Starting at the line that contains "Midlands International Auto" and ending at the line that contains "keto diet, régime", the lines below are to be given again exactly, with nothing added.

## Entries supplied
++++++++++
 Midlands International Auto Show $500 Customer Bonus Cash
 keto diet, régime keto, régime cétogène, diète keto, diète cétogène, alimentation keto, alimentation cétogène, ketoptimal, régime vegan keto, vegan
++++++++++
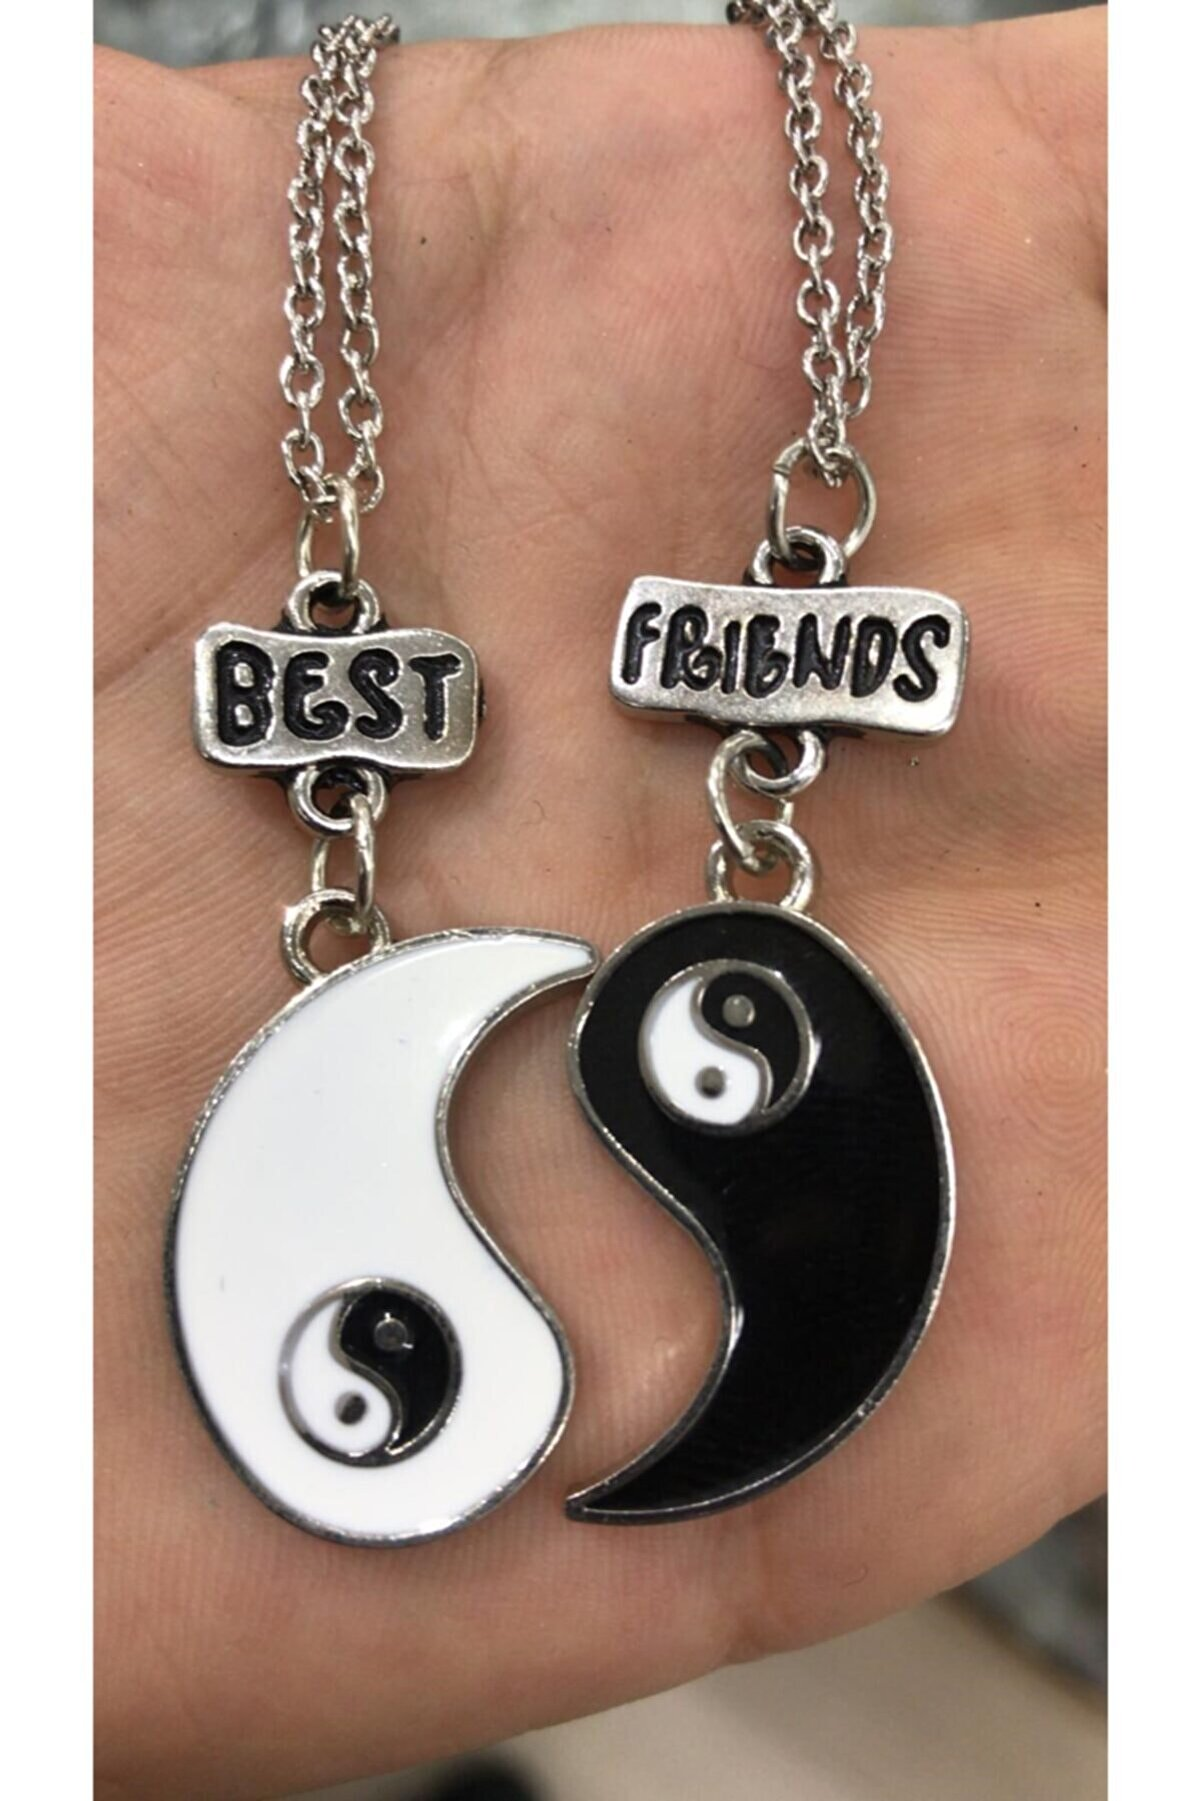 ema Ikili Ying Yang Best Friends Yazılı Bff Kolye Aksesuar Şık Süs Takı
++++++++++
## Written response
 Midlands International Auto Show $500 Customer Bonus Cash
 keto diet, régime keto, régime cétogène, diète keto, diète cétogène, alimentation keto, alimentation cétogène, ketoptimal, régime vegan keto, vegan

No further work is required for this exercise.